In order to overcome these problems, some guilds are now guaranteeing raid spots for players willing to commit to 100% attendance (or close to it) and are mixing raiders up from lock-out to lock-out. I call it “Will it Blend?” and Aftermath tried it this season. It’s not a perfect system by any stretch but it does engender whole-guild camaraderie, significantly reduces the drama surrounding kills and loot drops and that in turn develops both loyalty and pride in oneself and the guild. It also requires a team of skilled and committed raiders who show up every week ready to do anything but that’s kind of a chicken and egg thing. The downside is that without guilded raiders on stand-by, real life getting in the way becomes a huge issue. Assembling and balancing teams each week is no small issue and maintaining a wide and varied friends list to PUG from takes a lot of time.
As an aside, Murphy’s law holds true every time – a PuG will always win the /roll on set gear. And finally, when there’s no side door to nudge a lacklustre player to, it occasionally forces you to have conversations that are more honest than you’d like.

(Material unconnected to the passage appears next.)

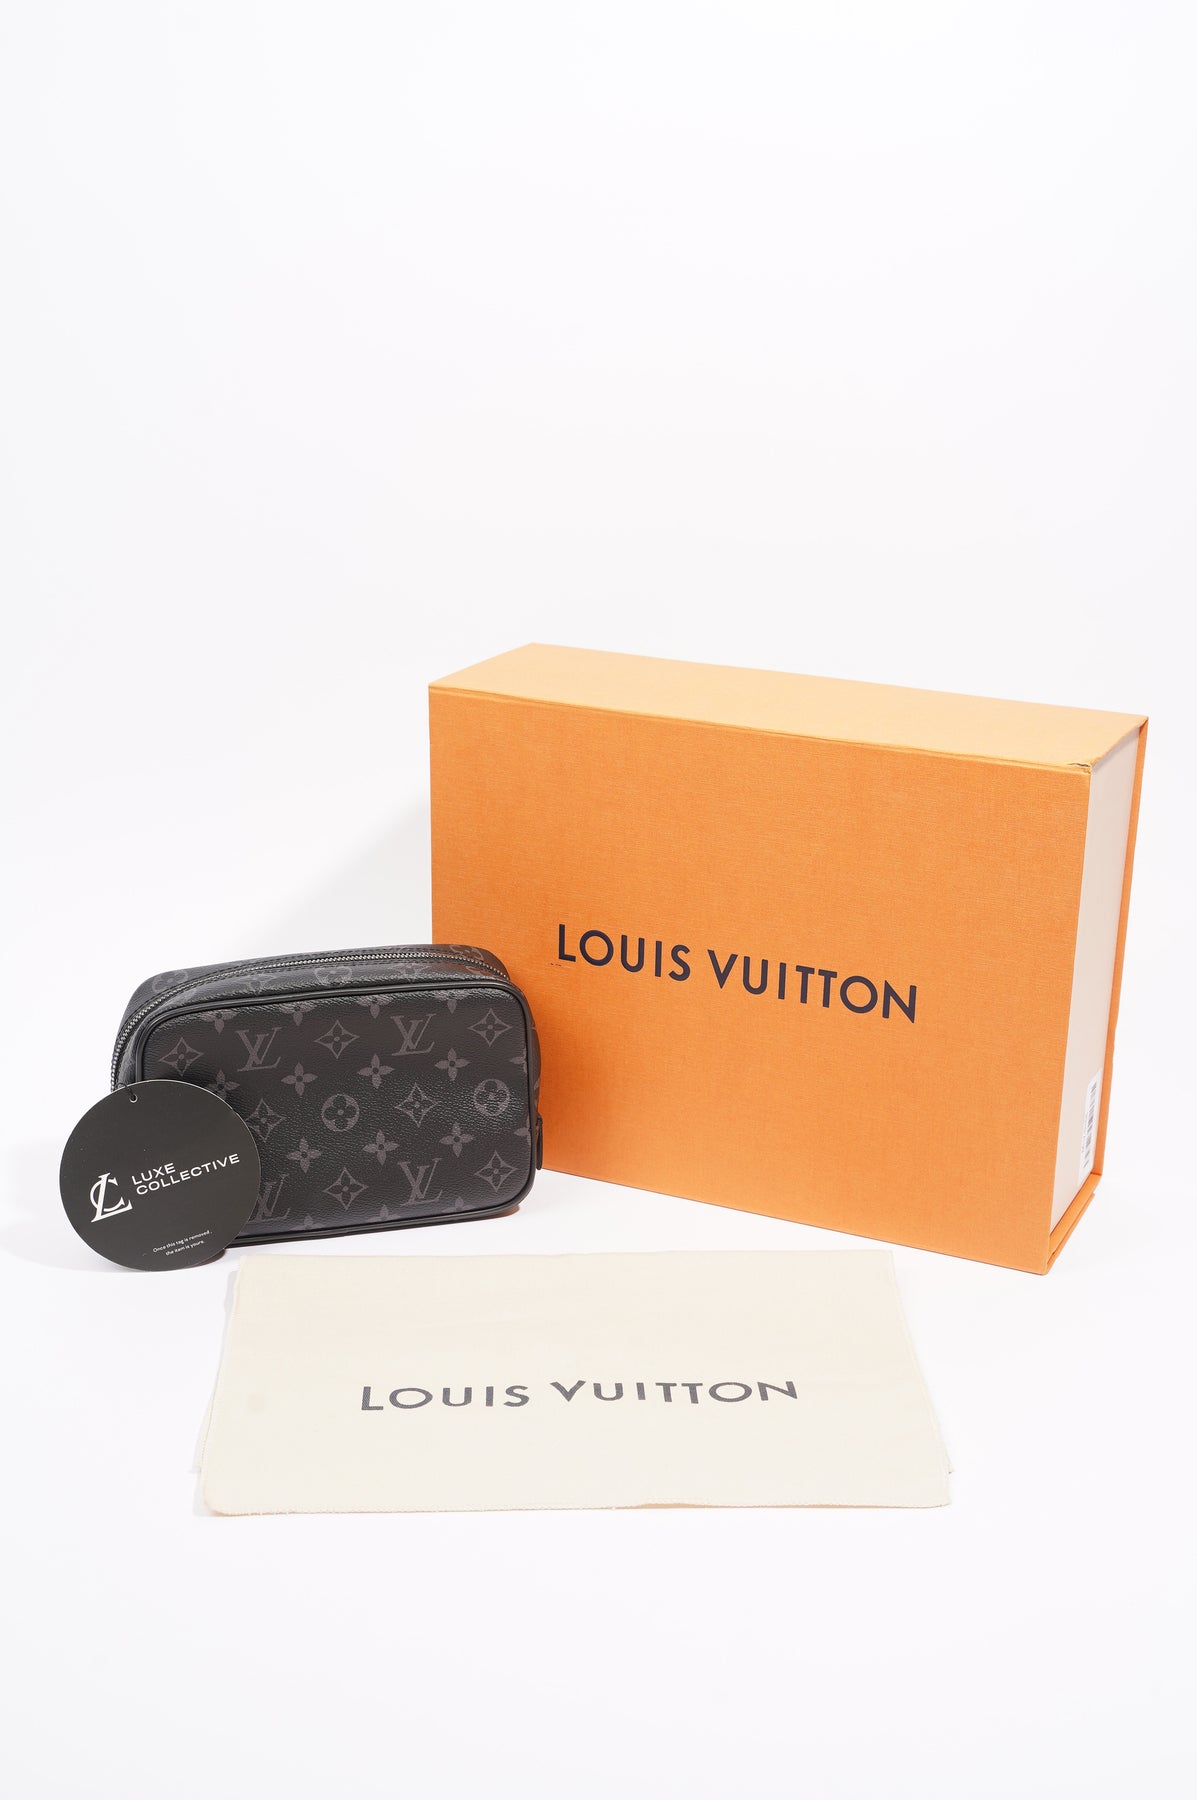 Shop Louis Vuitton Toiletry Bag 25 (M47527) by CITYMONOSHOP

I can’t help but think there has to be a middle ground. On the one hand, it’s a game and requiring 100% attendance for a hobby is pretty hard core. On the other hand, less than 100% attendance when multiplied by the number of people in your raid team, means that somewhere between 7 and 24 people that set aside their evening are adversely affected to at least some degree every single raid.

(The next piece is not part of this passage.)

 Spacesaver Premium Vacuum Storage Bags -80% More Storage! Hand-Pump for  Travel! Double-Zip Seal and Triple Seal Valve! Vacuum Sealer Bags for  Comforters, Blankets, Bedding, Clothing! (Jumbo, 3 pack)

In a good MMO, raids are hard enough that the individuals in the team need to work pretty hard on their class, their gear and their research to be there in the first place. Yet developers don’t allow any flexibility in raid size or balance for sickness, working late, someone’s 21st birthday, wife aggro or the Grand Final. Guilds and players are expected to somehow overcome real life and field a team of an exact size and class balance each and every week. Working within these limited parameters, it’s hoped that Raid Leaders can minimise disappointment, inconvenience and drama while providing a fulfilling and satisfying group experience for a set of highly competitive and motivated individuals.
Anyone else think these mechanics are somewhat at odds?

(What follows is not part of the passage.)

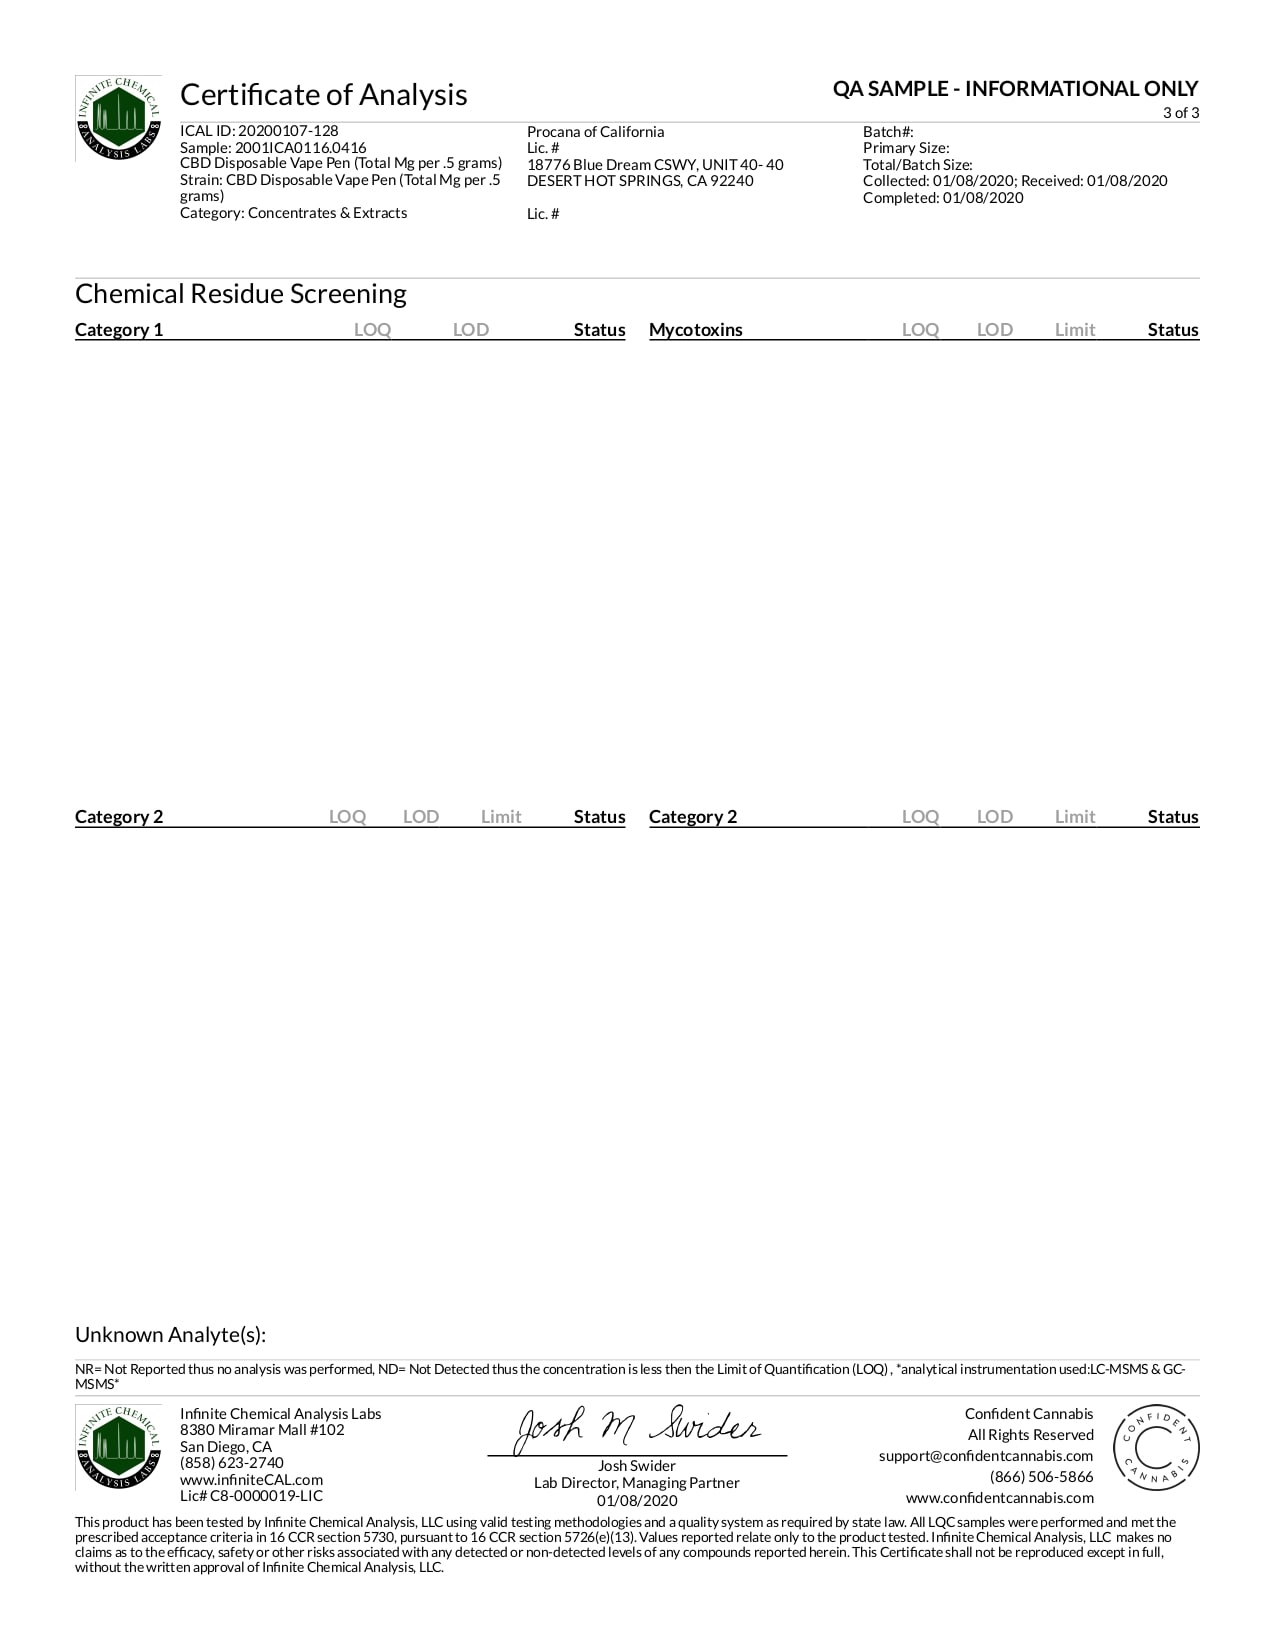 Procana CBD Disposable Vaporizer Lab Report Smooth Vanilla 200mg

What BioWare, as a developer, has done to help is make a point of supporting server communities. On the Empire side of Dalborra end-game raiding guilds have embraced that. The GMs of Prophets of Agony, Tenacity, First Legion, Reach (now part of Violation) and Aftermath formed a network of guilds that “borrow” raiders from each other for the night or the week. We try and make sure all our raiders get a run through somewhere and we try our best to help each other out with any bodies we can muster when another team is short. There’s still a healthy dose of competition between the guilds, but there’s just as many woots and gratz in /1 Denova on Wednesday night.
Again, it’s not a perfect system but it is better than the sand-box shenanigans we suffered in primary school.
I’d love to hear your stories of the best and worse raid team selection techniques you’ve come across.